Osobiście dla mnie celowość takiego rozwiązania jest – delikatnie rzecz ujmując – wątpliwa. Dlaczego tak istotne parametry jak intensywność zabudowy lub jej wysokość mogą być ustalone na szczeblu lokalnym, ale już liczba miejsc parkingowych (a w zasadzie wyłącznie liczba miejsc parkingowych) już nie? Wyjątkowo sprawnie działające lobby producentów kostki brukowej?

A tak bardziej na serio – po pierwsze, co już inni komentatorzy zdaje się zauważyli, budowa miejsc parkingowych wpływa na koszt całej inwestycji na dwóch płaszczyznach. Po pierwsze każdy lokator ma je wliczone do ceny mkw. lokalu i to w znacznym stopniu niezależnie od tego czy je finalnie nabywa czy też nie. Po drugie miejsca parkingowe ograniczają możliwość zagospodarowania działki i ten wpływ jest zgoła nawet większy. Jeśli na danej działce będzie mógł powstać budynek mniejszy efektem będzie wyższa cena mkw. mieszkania. Dodatkowo znacząca część nieruchomości staje się najzwyczajniej ekonomicznie nieopłacalna do zabudowy – ceny mkw. wykraczałyby znacząco powyżej średniej rynkowej dla danego obszaru.
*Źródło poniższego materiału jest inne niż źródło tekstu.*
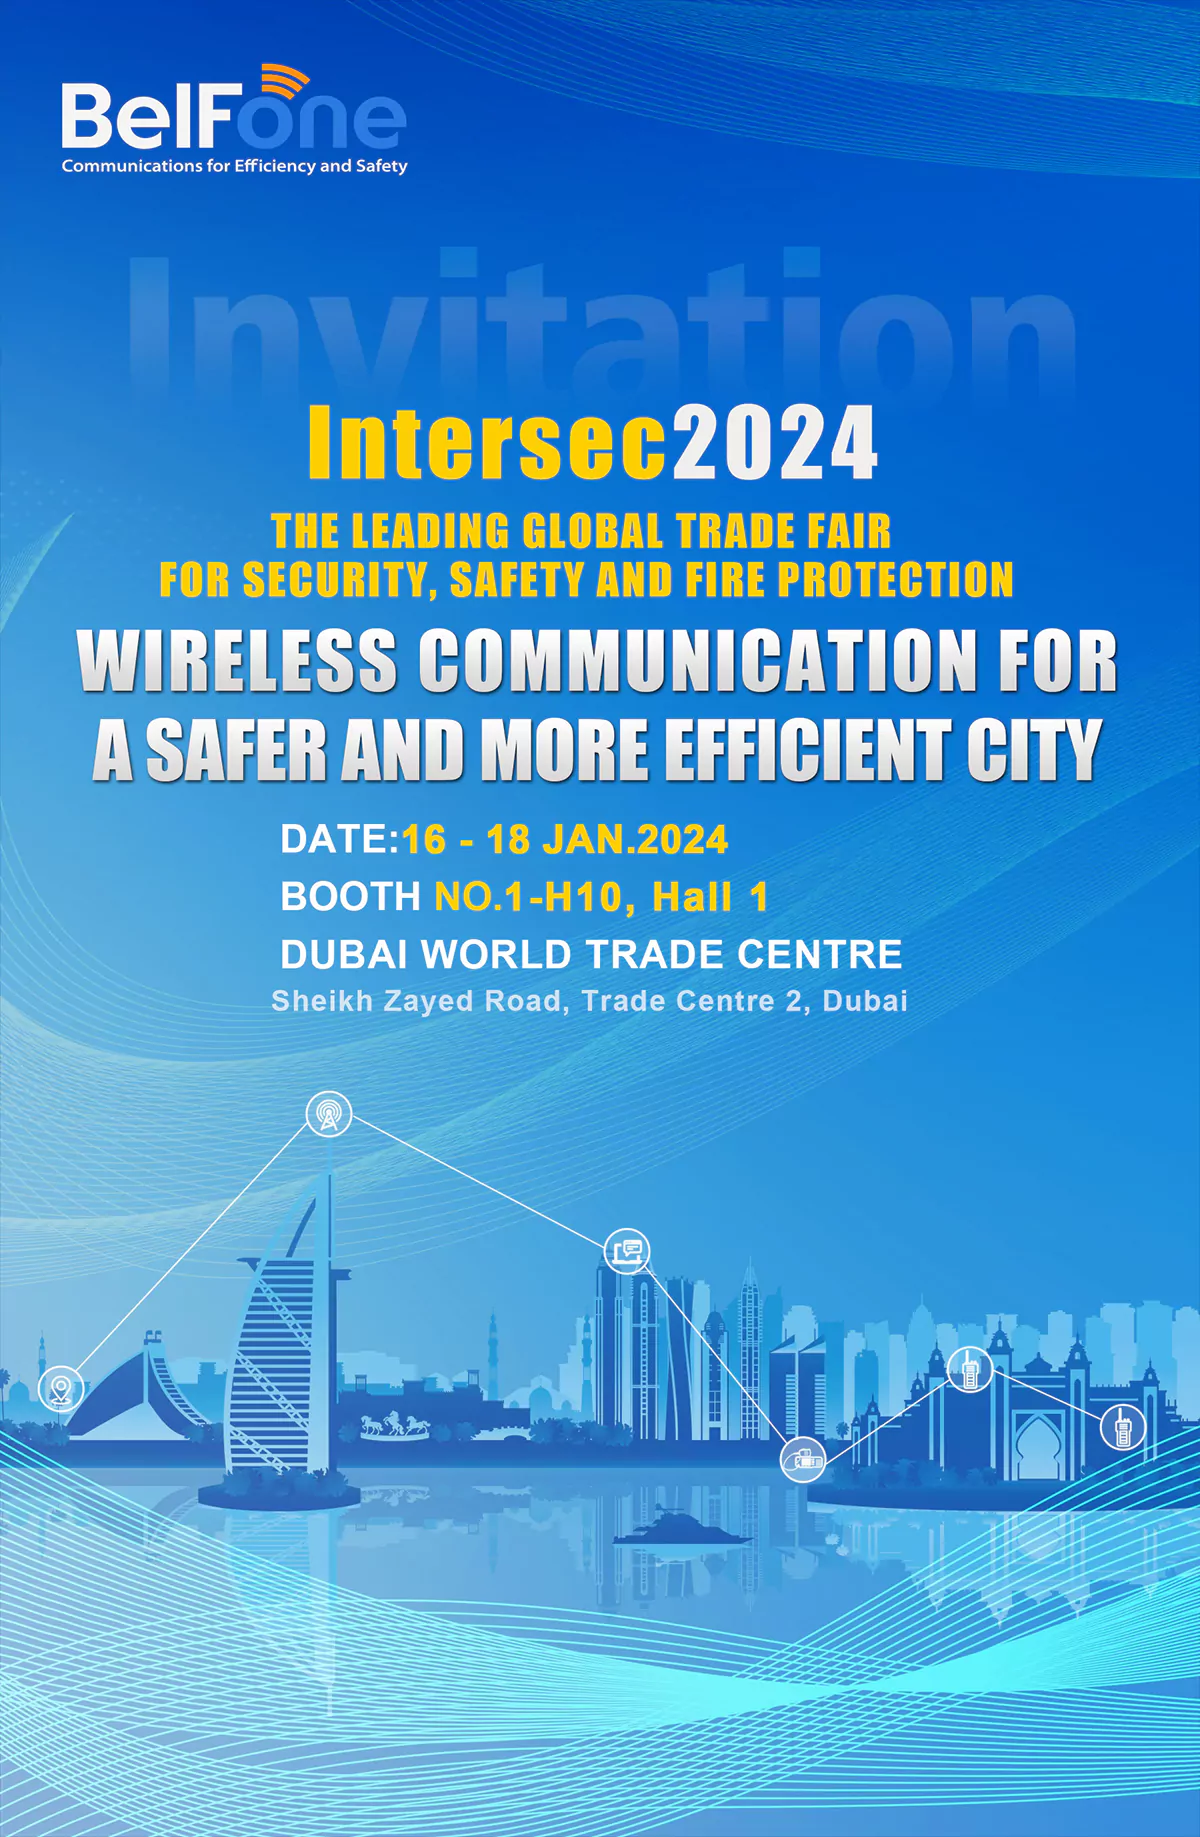 BelFone showcases wireless communication technology at Intersec 2024 Dubai

Finalnie zaś budowa miejsc parkingowych w tak znacznych liczbach w ścisłej zabudowie śródmiejskiej albo nie jest technicznie możliwa, albo czyni koniecznym wdrażanie złożonych i kosztownych rozwiązań technicznych, np. wielopoziomowych parkingów podziemnych wyposażonych w automatyczne systemy parkowania pojazdów. Pytanie, które należy sobie jednak na wstępie zadać to „czy te miejsca są tak naprawdę potrzebne”?

Nie będę tu lansował jakiegokolwiek ze skrajnych poglądów i spróbuję wyważyć odpowiedź – i tak i nie. Jeśli weźmiemy pod uwagę zmieniający się model funkcjonowania mieszkańców dużych aglomeracji takie liczby miejsc postojowych mogą okazać się najzwyczajniej zbędne, niemniej analogiczne inwestycje nie w wysoce zurbanizowanej strefie śródmiejskiej, ale na terenach podmiejskich mogą miejsc postojowych potrzebować nawet więcej niż 1,5/lokal. Pomysł, by decyzyjność scedować na samorządy podobnie jak możliwość ustalenia na gruncie specustawy i dla realizacji w trybie „standardowym” standardów urbanistycznych – w końcu kto ma lepiej znać warunki lokalne niż samorząd? I temu, a nie wspieraniu patodeweloperki ma służyć proponowana zmiana.